Second example preparation of CPNA (N-methylpiperidine)

After 4-CA (113.0g), N-methylpiperidine (35.2g) and FNB (50.0g) were charged, the temperature was raised to 105 ℃ and the mixture was stirred for 24 hours. DMAC (47.0g) was added dropwise at 95 ℃ or higher, and the internal temperature was cooled to 60 ℃. EtOH (295.9g) was charged and the temperature was raised to 80 ℃ and stirred for 1 hour or more, and then the temperature was lowered to 5 ℃. After keeping the internal temperature at 5 degrees and stirring for 2 hours, the formed crystals were filtered and washed with EtOH (295.9g) cooled to 5 degrees. The filtered crystals were vacuum-dried at 50 ℃ to obtain 81.1g (yield: 92%) of the title compound.

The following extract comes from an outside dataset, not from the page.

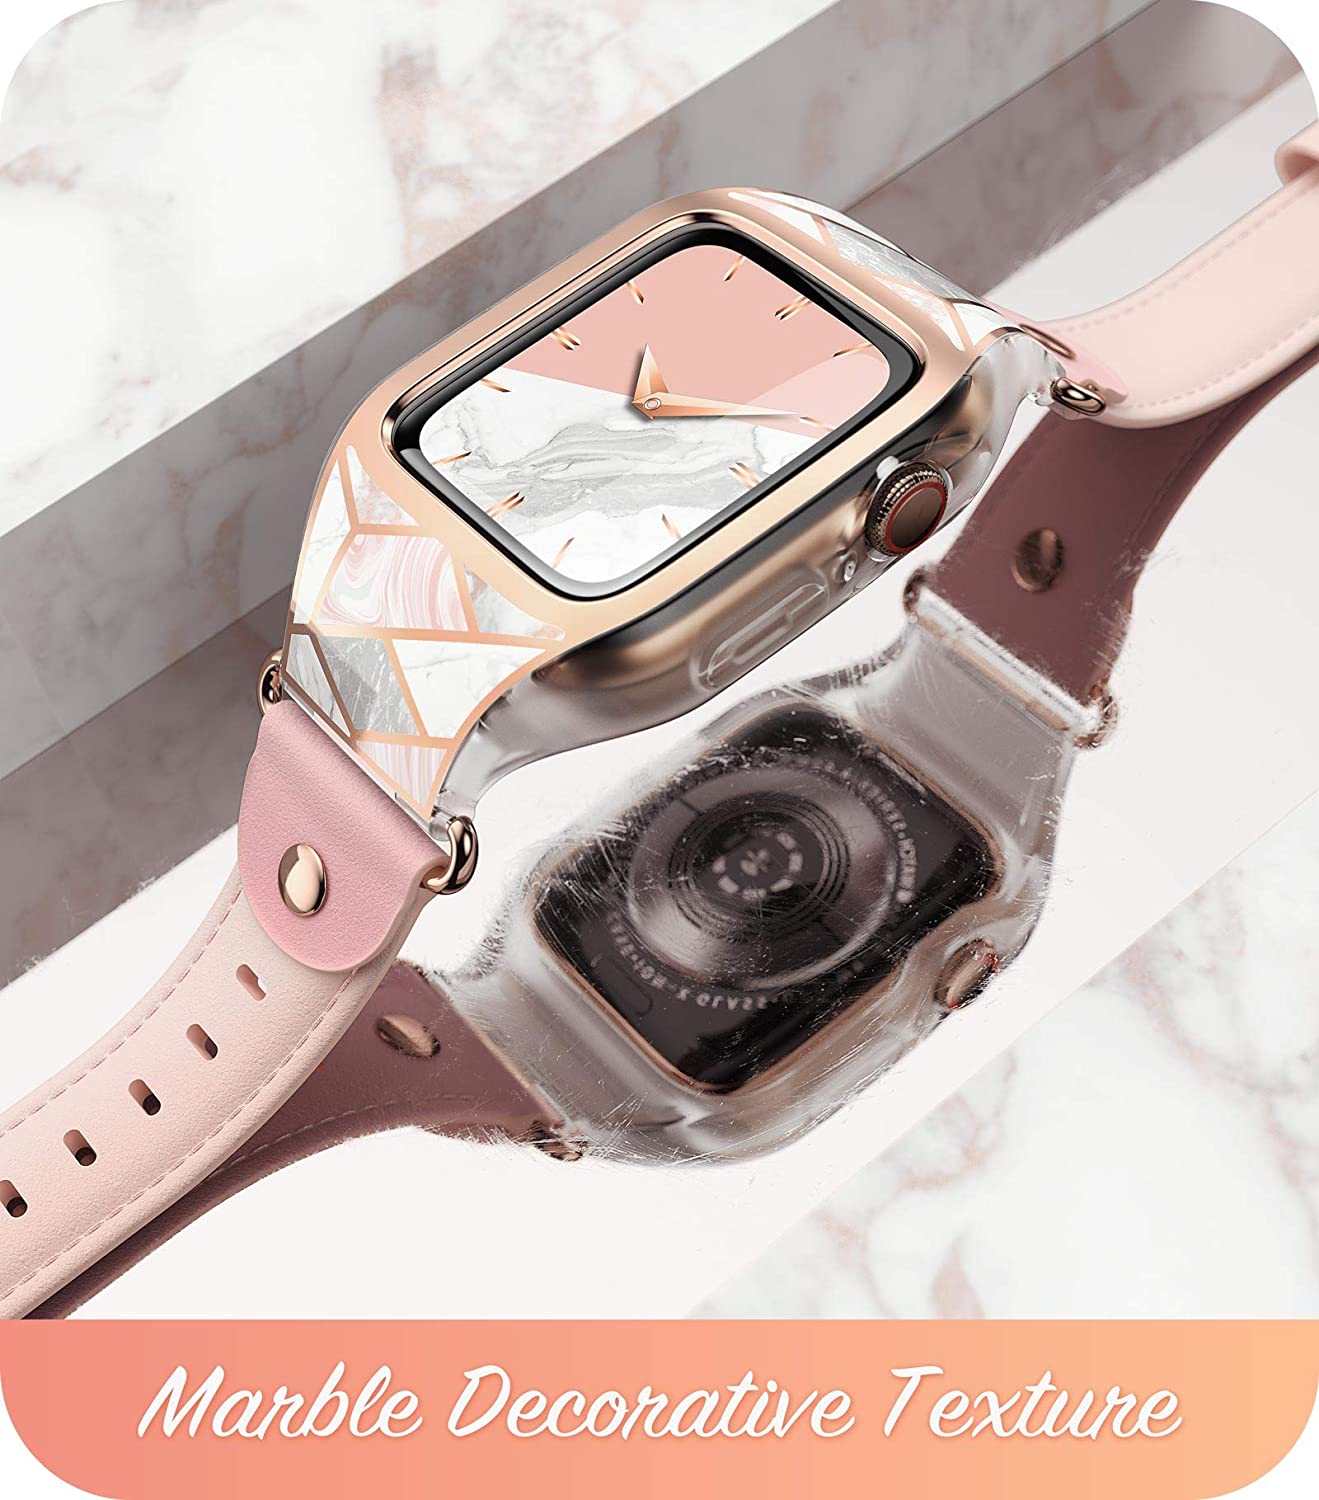 i-Blason Cosmo Apple Watch Band Series 6 / SE / 5 /4 [40mm], Stylish Sporty Protective Bumper Case with Adjustable Strap Bands

Third example preparation of CPNA (DMF)

After 4-CA (113.0g), DIPA (35.8g) and FNB (50.0g) were charged, the temperature was raised to 105 ℃ and the mixture was stirred for 24 hours. DMF (47.2g) was added dropwise at 95 ℃ or higher, and then the internal temperature was cooled to 60 ℃. EtOH (295.9g) was charged and the temperature was raised to 80 ℃ and stirred for 1 hour or more, and then the temperature was lowered to 5 ℃. After keeping the internal temperature at 5 degrees and stirring for 2 hours, the formed crystals were filtered and washed with EtOH (295.9g) cooled to 5 degrees. The filtered crystals were vacuum-dried at 50 degrees to obtain 79.3g of the title compound (yield: 90%).

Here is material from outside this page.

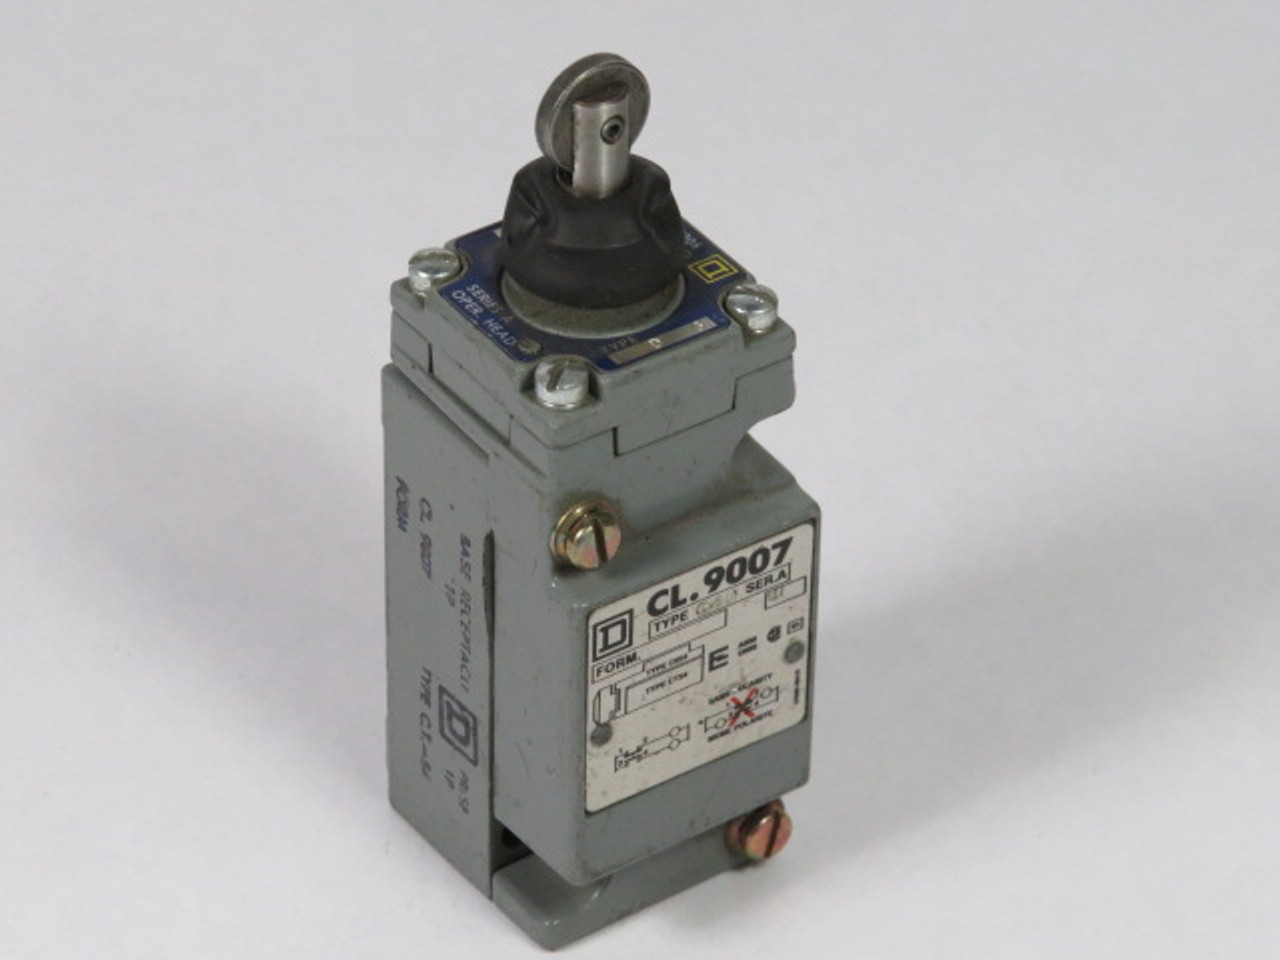 Square D 9007-C54D Limit Switch 10 Amp 600V USED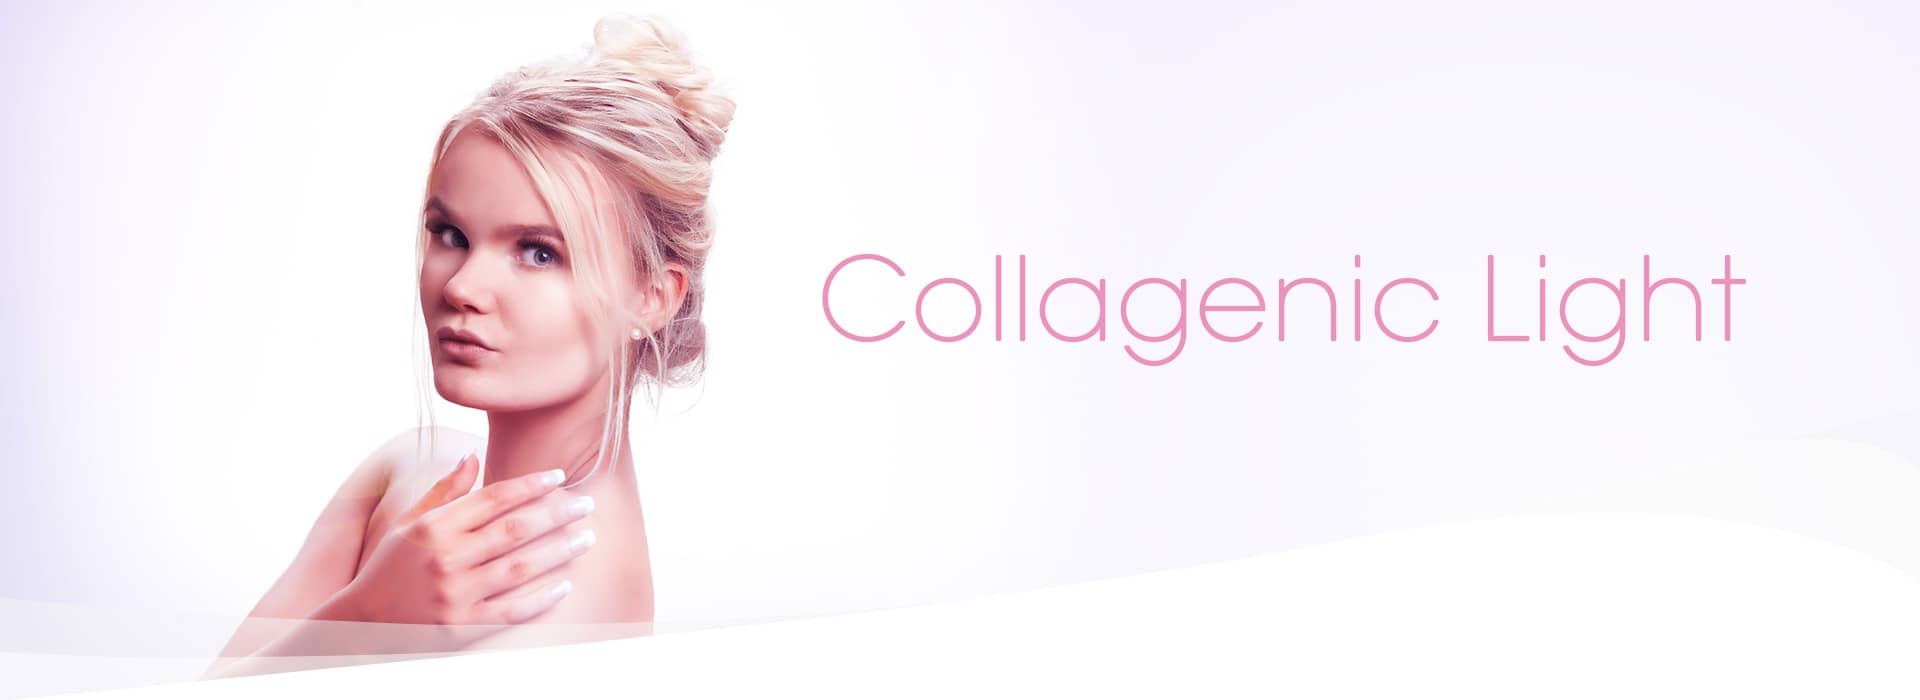 Dr. Muller header Collagenic Light research

Fourth example preparation of CPNA (NMP)

After 4-CA (113.0g), DIPA (35.8g) and FNB (50.0g) were charged, the temperature was raised to 105 ℃ and the mixture was stirred for 24 hours. NMP (51.5g) was added dropwise at 95 ℃ or higher, and then the internal temperature was cooled to 60 ℃. EtOH (295.9g) was charged and the temperature was raised to 80 ℃ and stirred for 1 hour or more, and then the temperature was lowered to 5 ℃. After keeping the internal temperature at 5 degrees and stirring for 2 hours, the formed crystals were filtered and washed with EtOH (295.9g) cooled to 5 degrees. The filtered crystals were vacuum-dried at 50 degrees to obtain 79.3g of the title compound (yield: 90%).

Fifth example preparation of CPDA

Adding CPNA (20.0g) and Na₂S*5H₂O (47.3g) was added followed by DMF (151.0g) solvent, and the mixture was stirred for 4 hours after raising the temperature to about 60 ℃. After the stirred reaction solution was cooled to about 40 degrees, purified water (240.0g) was added thereto. The mixture was stirred at about 25 ℃ for 2 hours, and the resulting crystals were filtered, washed with purified water (100.0g), and dried under vacuum at about 60 ℃ to give 16.7g of the title compound (yield: 95%).

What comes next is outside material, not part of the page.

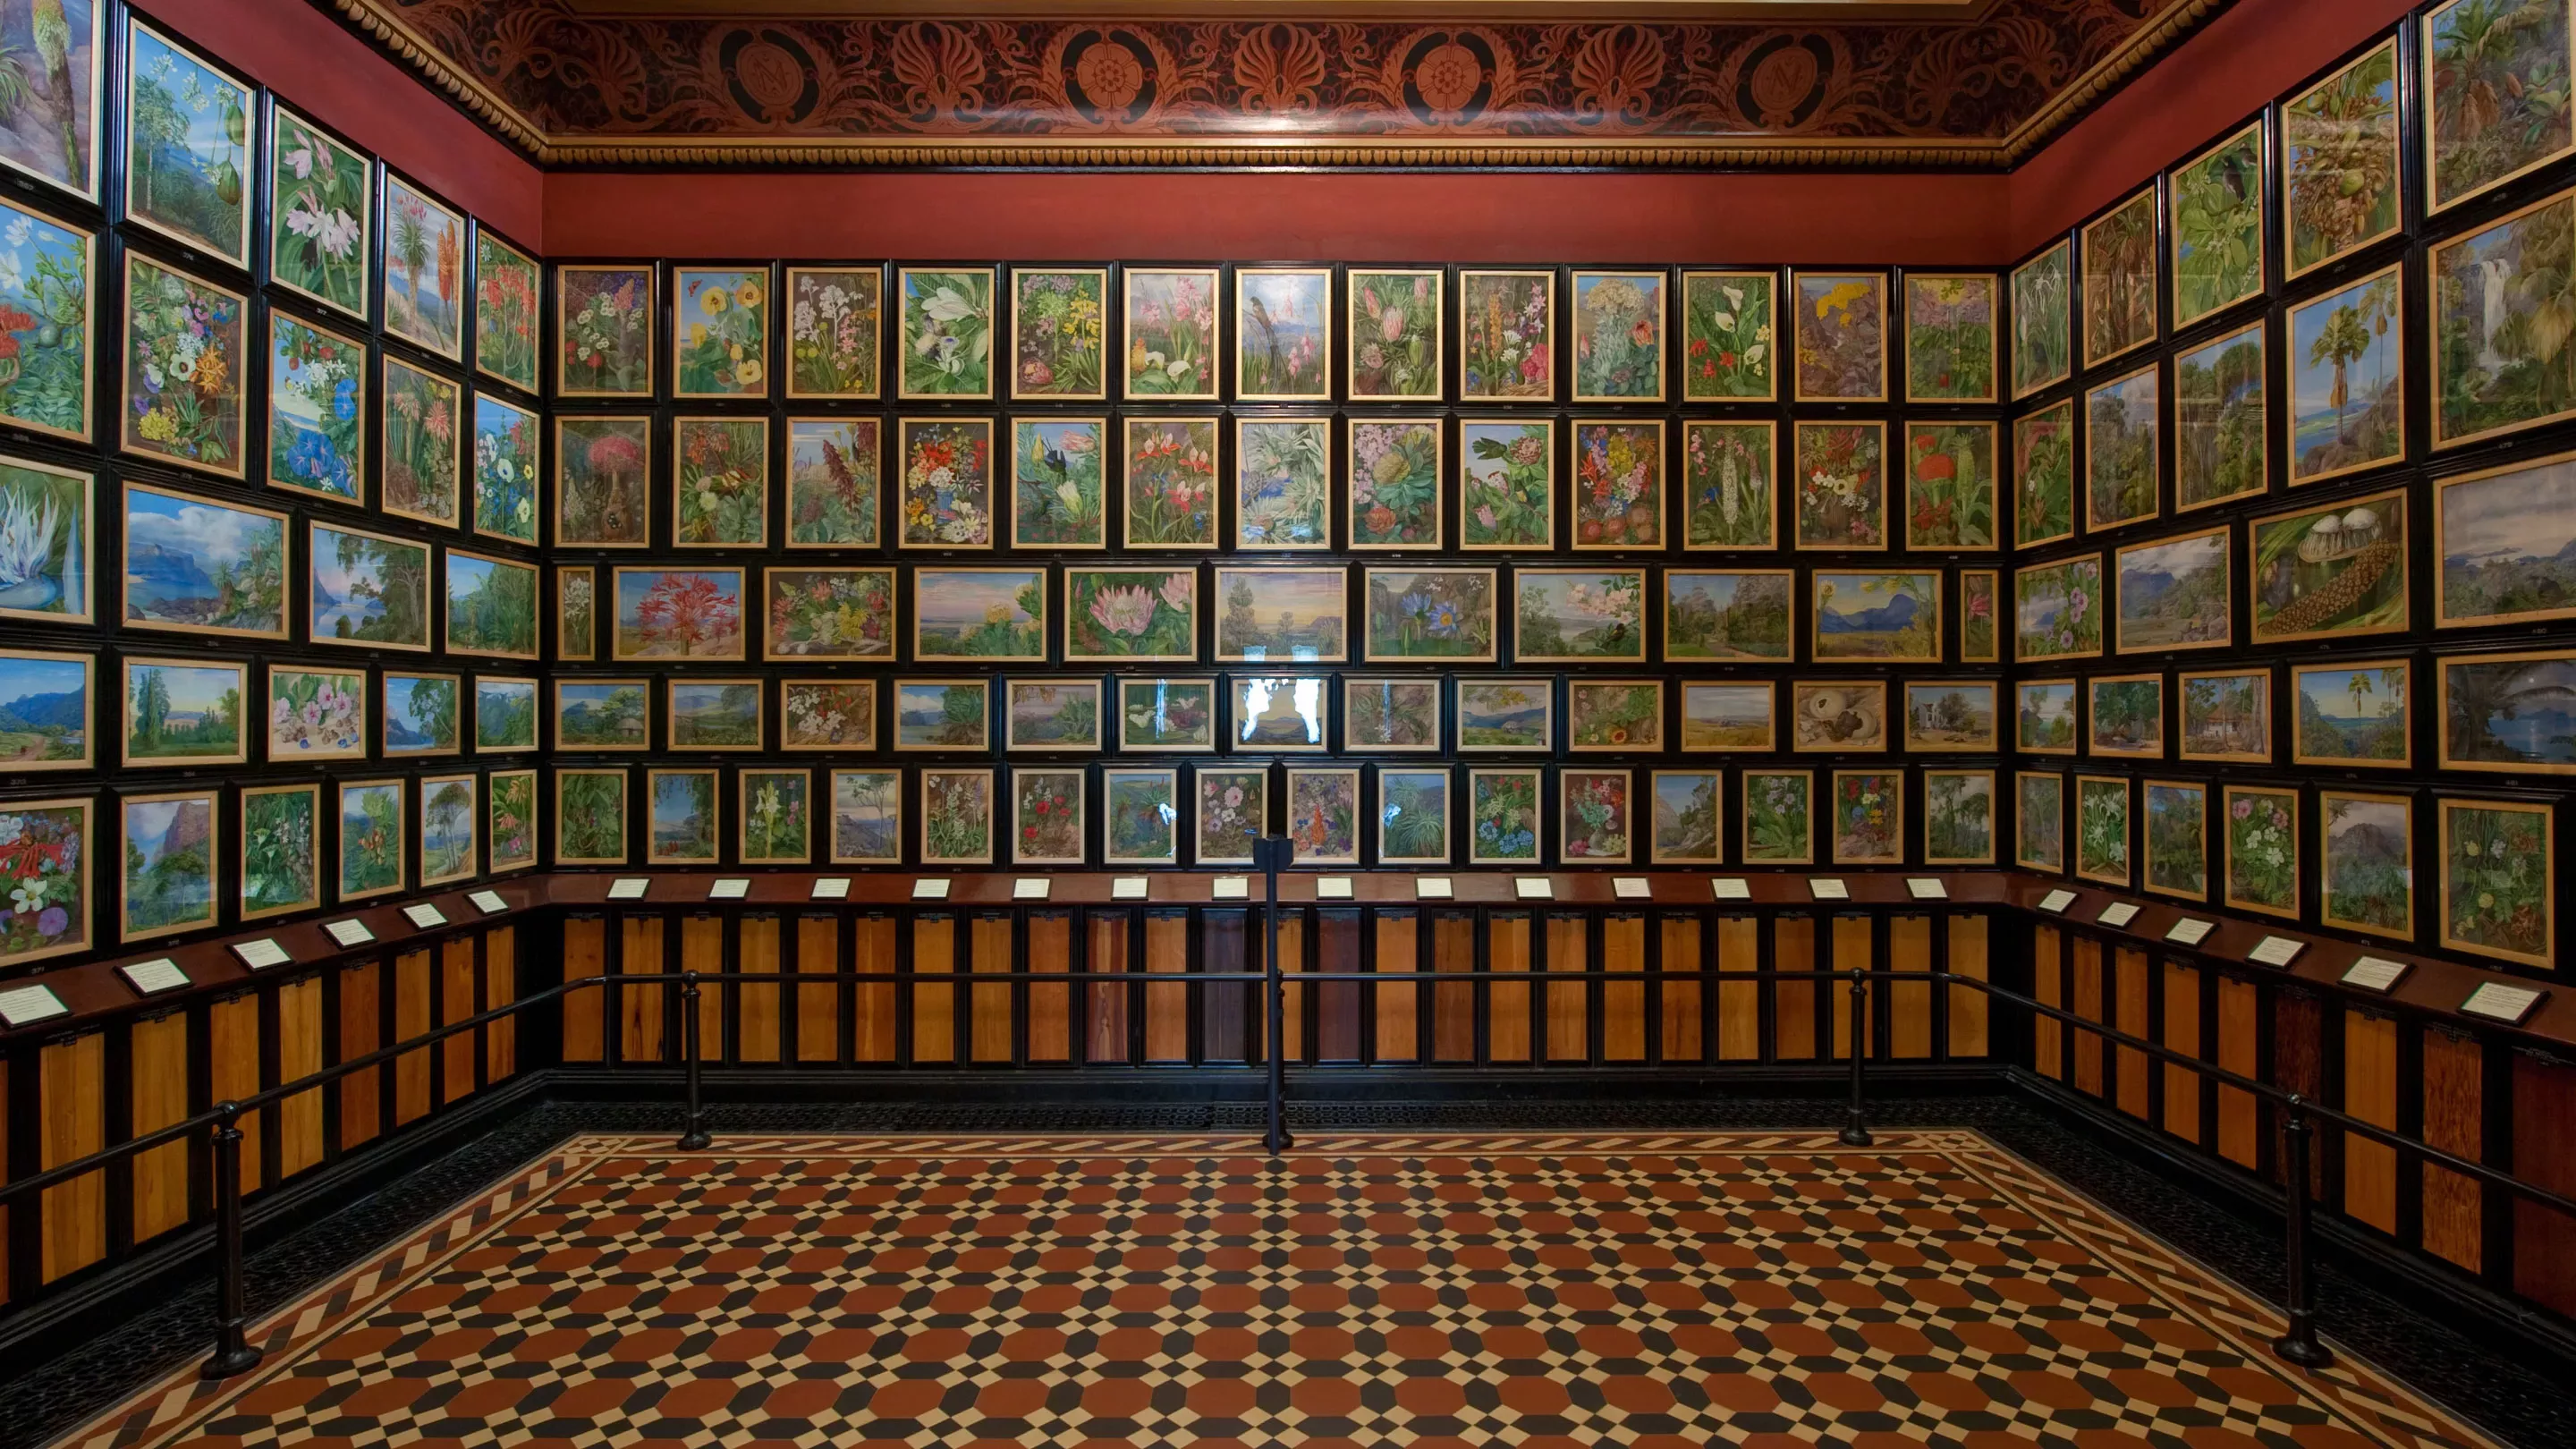 The Marianne North Gallery

As described above, the present specification and the accompanying drawings disclose preferred embodiments of the present invention, and although specific terms are used, they are used in a general sense only for the purpose of simplicity and clarity of explanation of the technical contents of the present invention and to assist understanding of the present invention, and they are not intended to limit the scope of the present invention.

It will be apparent to those skilled in the art that other modifications based on the technical spirit of the present invention can be implemented in addition to the embodiments disclosed herein.